At the top of your screen, click Kernel, then Interrupt Kernel.
If that doesn’t help, click Kernel, then Restart Kernel… If you do this, you will have to run your code cells from the start of your notebook up until where you paused your work.
If that still doesn’t help, restart Jupyter. First, save your work by clicking File at the top left of your screen, then Save Notebook. Next, if you are accessing Jupyter using a JupyterHub server, from the File menu click Hub Control Panel. Choose Stop My Server to shut it down, then the Start My Server button to start it back up. If you are running Jupyter on your own computer, from the File menu click Shut Down, then start Jupyter again. Finally, navigate back to the notebook you were working on.
If none of these things work, speak to your TA or instructor about the issue.

Exporting

Notebooks automatically save our work as we write and edit our document. When we are ready to export our file, we can choose from a few different output formats including: .html, .pdf and Jupyter’s own .ipynb (which is a more readable form of a .json file). Be sure you export your files in the format specified by your instructor!

To export your file, go to File > Save and Export As… > Then select your format of choice and save the file with an intuitive name that describes its contents.

Test your knowledge

A few notes about writing your own Notebooks:

Cells can be added to notebooks (when the cell is selected, indicated by a blue highlight on the left hand side) by using the + arrow near the top right of the window (not the blue button). Alternatively, you can use the a key to add a cell above your current cell, and b to add a cell below your current cell.
Cells can be deleted by right-clicking on the cell and selecting Delete Cells. Alternatively, you can double click the d key to delete a current cell.
A cell’s status (as either a code or markdown cell) is always indicated and can be changed in the dropdown bar of the menu.

Note: Regarding keyboard shortcuts: keys will do different things depending on which mode you are in. Editing mode lets you edit cells, in which case hitting the a key will type the letter a. Command mode will let you control JupyterLab, in which case hitting the a key will insert a new cell. You can switch between these modes by hitting Esc or Enter.

You can also view a list of all of the different keyboard commands available under the Settings > Advanced Settings Editor in the Settings menu, then selecting Keyboard Shortcuts.

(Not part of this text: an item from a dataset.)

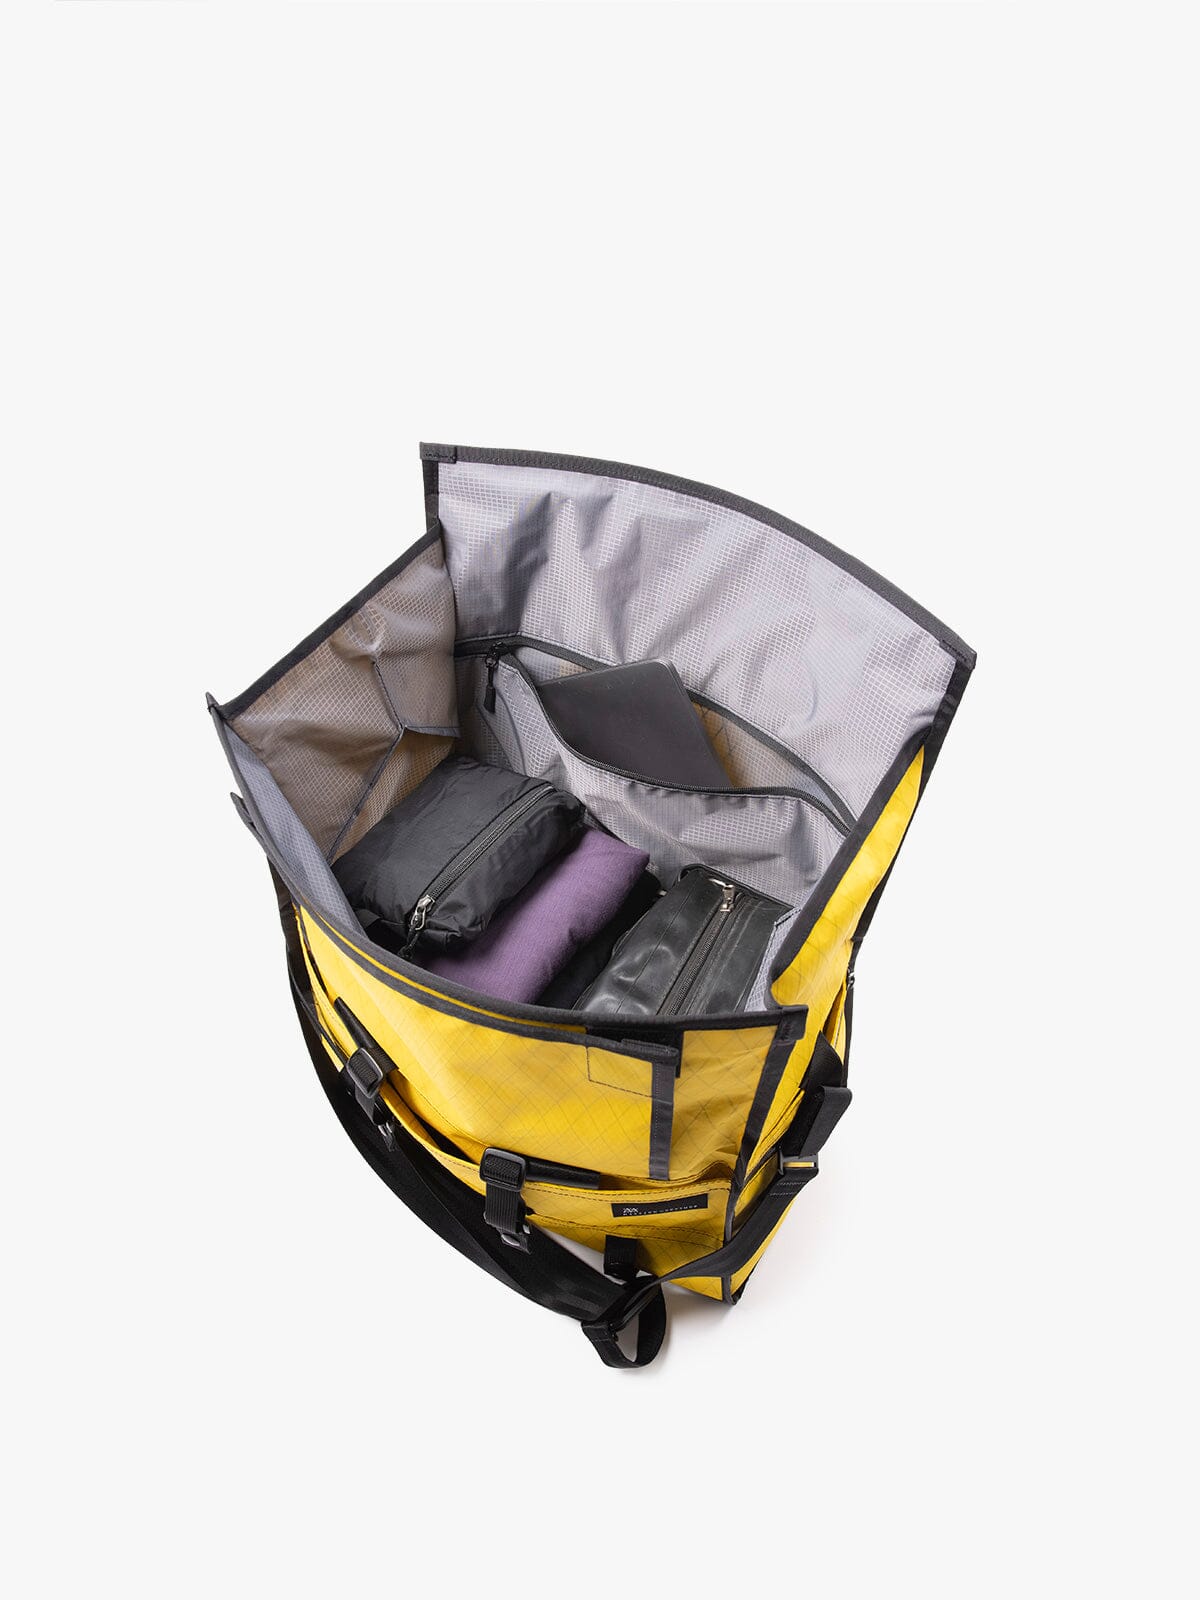 Helmsman : VX by Mission Workshop - Väskor och tekniska kläder för vädertätning - San Francisco och Los Angeles - Byggda för att tåla - Garanterade för alltid

Try executing the following tasks:

Add a markdown cell below that says: “I can make markdown cells!”
Add a markdown cell above that contains the previous message, but this time, in italics.
Add a code cell below that operates the equation \(2\) * \(3\).
Add a code cell below that assigns the value \(4\) to an object titled object_1.

Note: you can use the following formula to assign a number or operation to an object: object_name <- # or equation. When you are working with numbers, you don’t need to attach “” as we did above with text answers.

Add a code cell below that assigns the value \(10\) to an object titled object_2.
Add a code cell below to see what happens when you compute: object_1 + object_2.